1Department of Welding, Metrology, and Materials Technology, Perm National Research Polytechnic University, Komsomolskiy Prospekt, No. 29, Perm 614099, Russia
2Department of Automation and Telematics, Perm National Research Polytechnic University, Komsomolskiy Prospekt, No. 29, Perm 614099, Russia
3Department of Mechanical Engineering, Rapid Manufacturing Laboratory, Indian Institute of Technology Bombay, Powai, Mumbai 400076, India

Correspondence should be addressed to Dmitriy N. Trushnikov; ur.xednay@rtimidrt

Received 2 July 2017; Accepted 24 August 2017; Published 12 October 2017

Academic Editor: Michael Aizenshtein

Copyright © 2017 Dmitriy N. Trushnikov et al. This is an open access article distributed under the Creative Commons Attribution License, which permits unrestricted use, distribution, and reproduction in any medium, provided the original work is properly cited.


In our work to formulate a scientific justification for process control methods when processing materials using concentrated energy sources, we develop a model that can calculate plasma parameters and the magnitude of the secondary waveform of a current from a non-self-sustained discharge in plasma as a function of the geometry of the penetration channel, thermal fields, and the beam’s position within the penetration channel. We present the method and a numeric implementation whose first stage involves the use of a two-dimensional model to calculate the statistical probability of the secondary electrons’ passage through the penetration channel as a function of the interaction zone’s depth.
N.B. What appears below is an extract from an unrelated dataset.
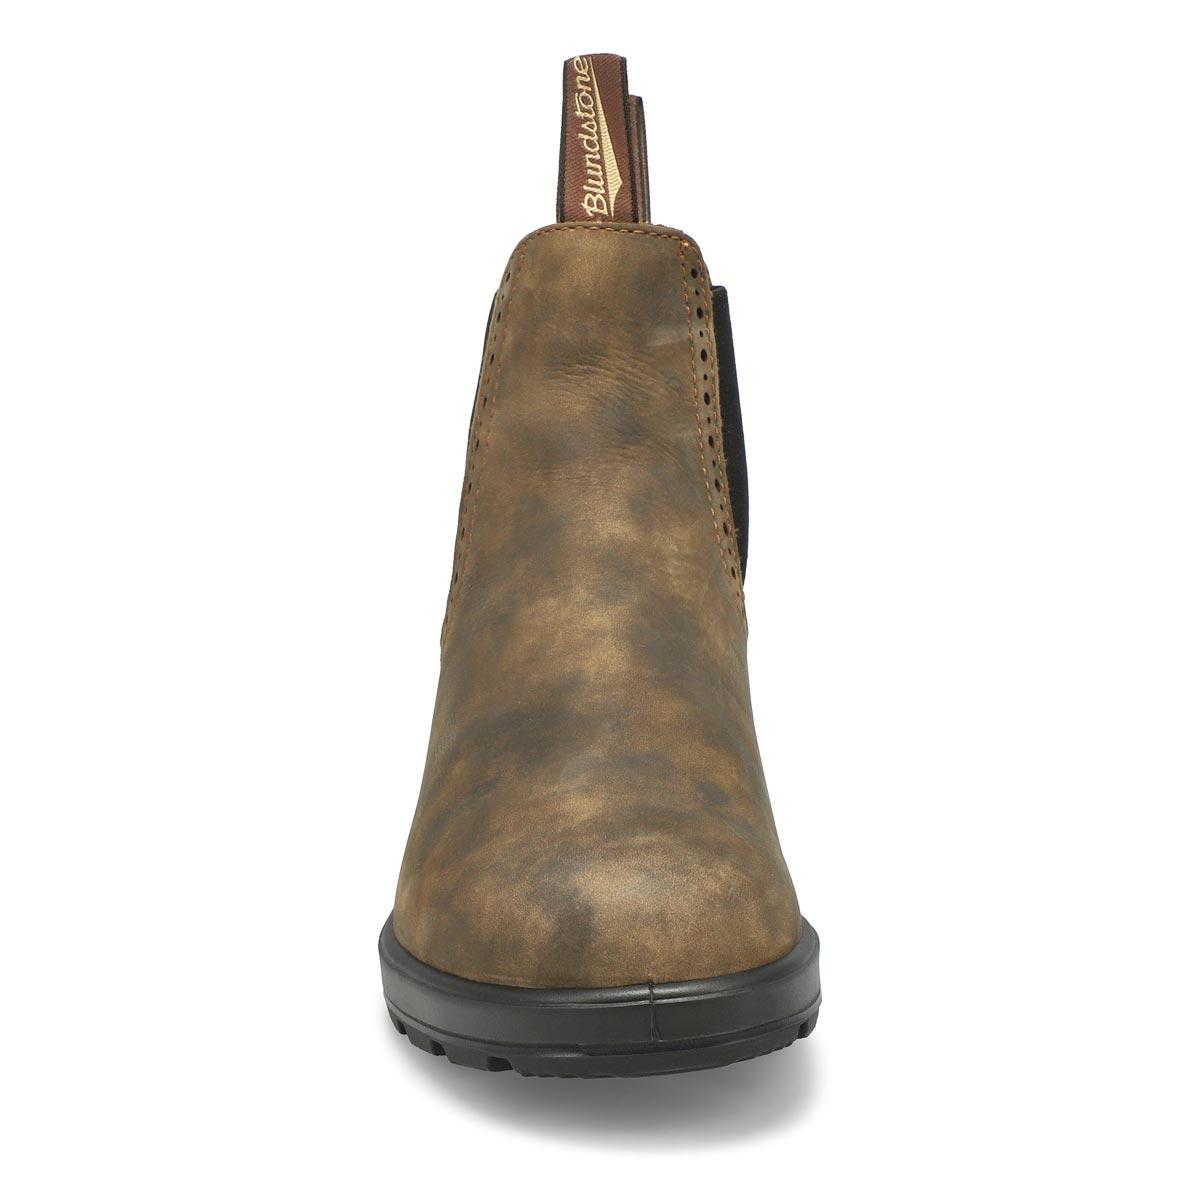 Women's 1351 Series Boot - Rustic Brown

Then, the discovered relationship is used to numerically calculate how the secondary current changes as a distributed beam moves along a three-dimensional penetration channel. We demonstrate that during oscillating electron beam welding the waveform has the greatest magnitude during interaction with the upper areas of the penetration channel and diminishes with increasing penetration channel depth in a way that depends on the penetration channel’s shape. When the surface of the penetration channel is approximated with a Gaussian function, the waveform decreases nearly exponentially.